I don't know of any recommendations as to hole size criteria BUT I have 
employed a few considerations of my own:

Quite simply - calculate the percentage of hole to percentage of attenuation 
by the lead.  Obviously if the percentage hole is one or 2 orders of 
magnitude less that the percent of x-ray the that the lead lets through - 
then it is insignificant.

Secondly - note where the hole is.

Thirdly - in having fluored literally thousands of lead aprons - following 
some over more than a decade --- I can tell you that holes or pinholes are 
seldom if ever significant and if they are they are usually due to some 
trauma to the apron clearly visible from the surface.

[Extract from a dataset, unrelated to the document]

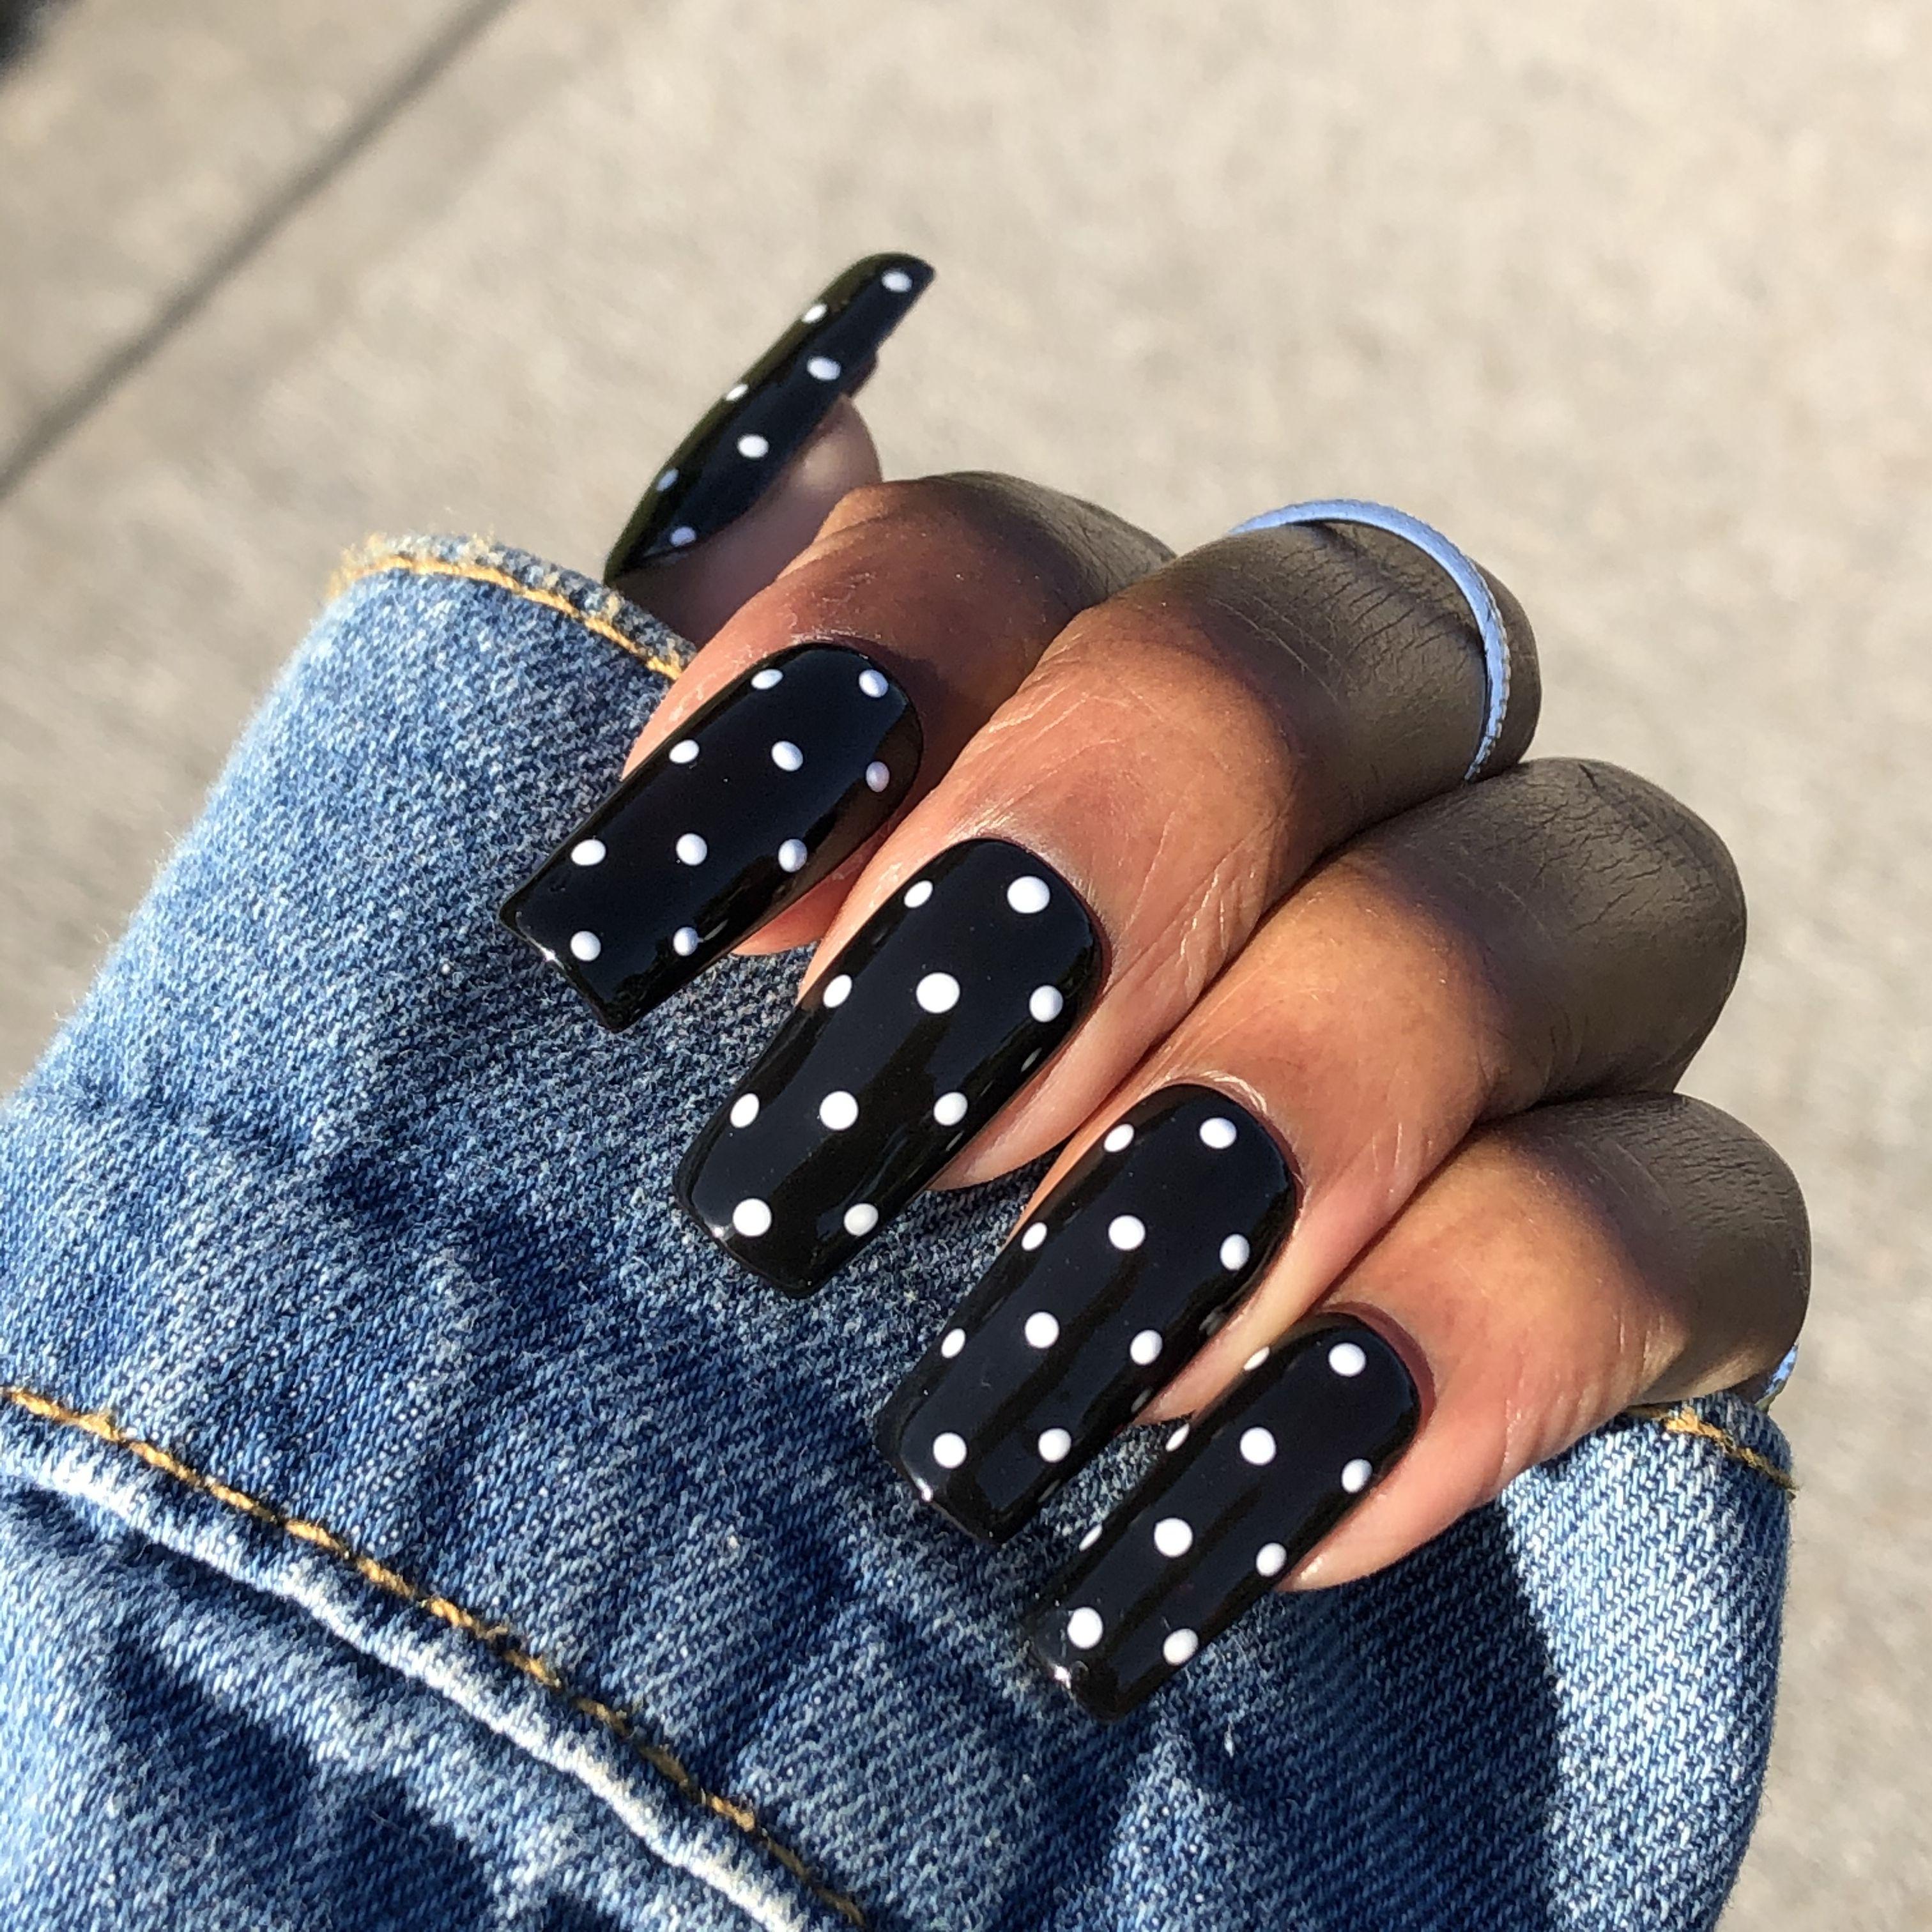 Polka Dotted Surprise Black White Red Peekaboo Color Etsy In 2020 Polka Dot Nails Dot Nail Designs Dots Nails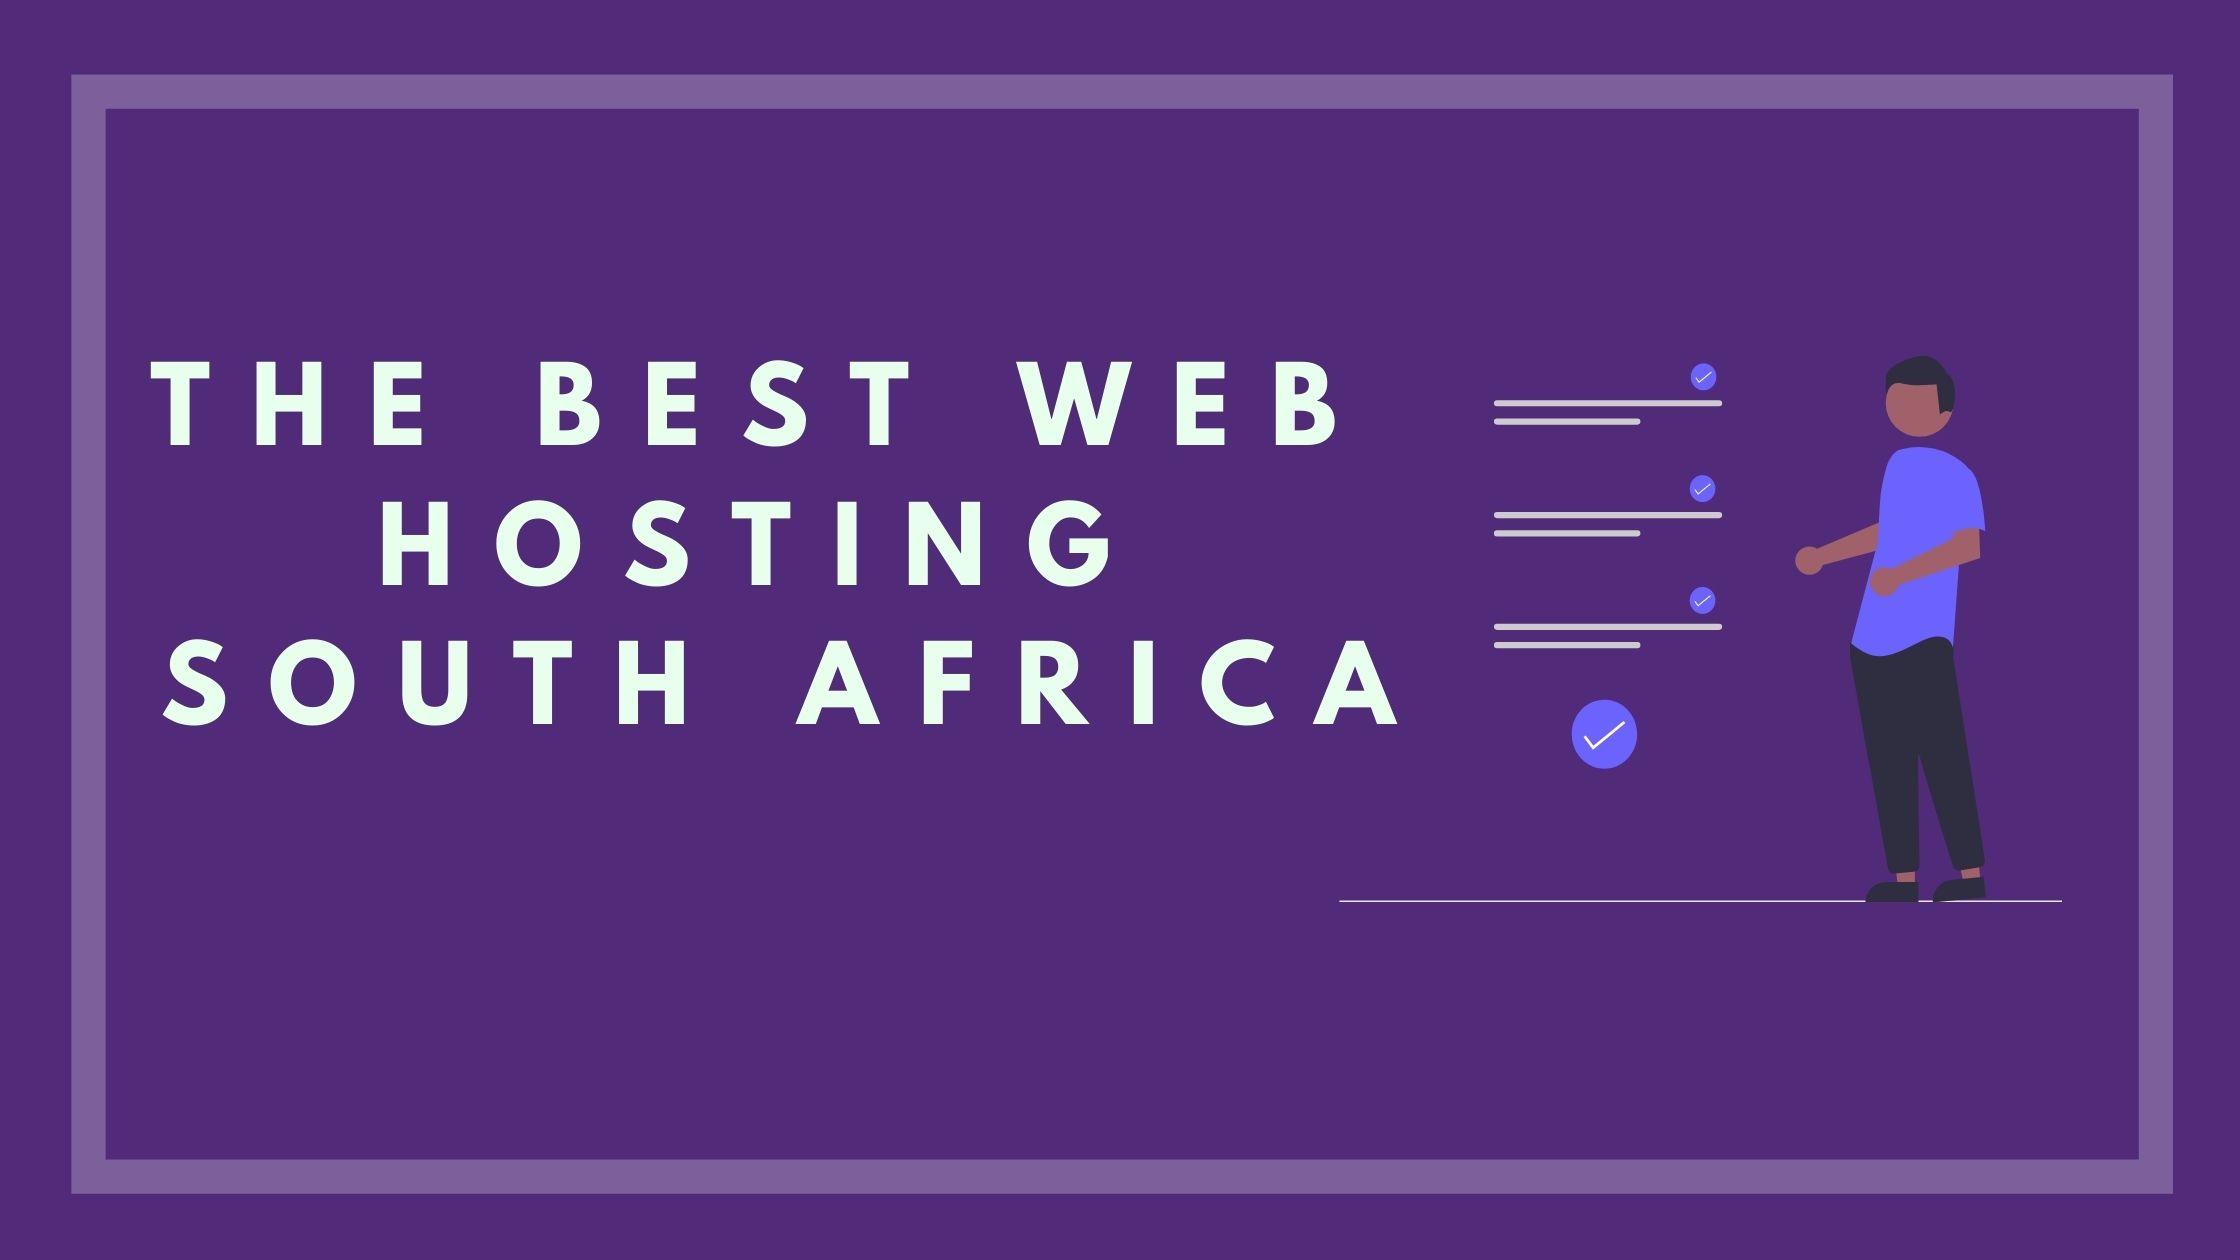 BEST WEB HOSTING SOUTH AFRICA

Far far more significant is damage due to folding and piling up arpons.  I 
have seen light lines from material displaced from folding - usually not of 
much consequence but an indicator of problems soon to come - to gross 
cracking.

The worse I have ever seen was one apron folded transversely and piled in a 
corner so many times that the folds caused cracks that caused the whole 
middle third to just drop down to the bottom.

BUT this kind of damage is seldom seen anymore since aprons are not made 
this way anymore.  With newer aprons worse I have seen is a general motling 
which I attribute to poor mixing in the formulation of the material.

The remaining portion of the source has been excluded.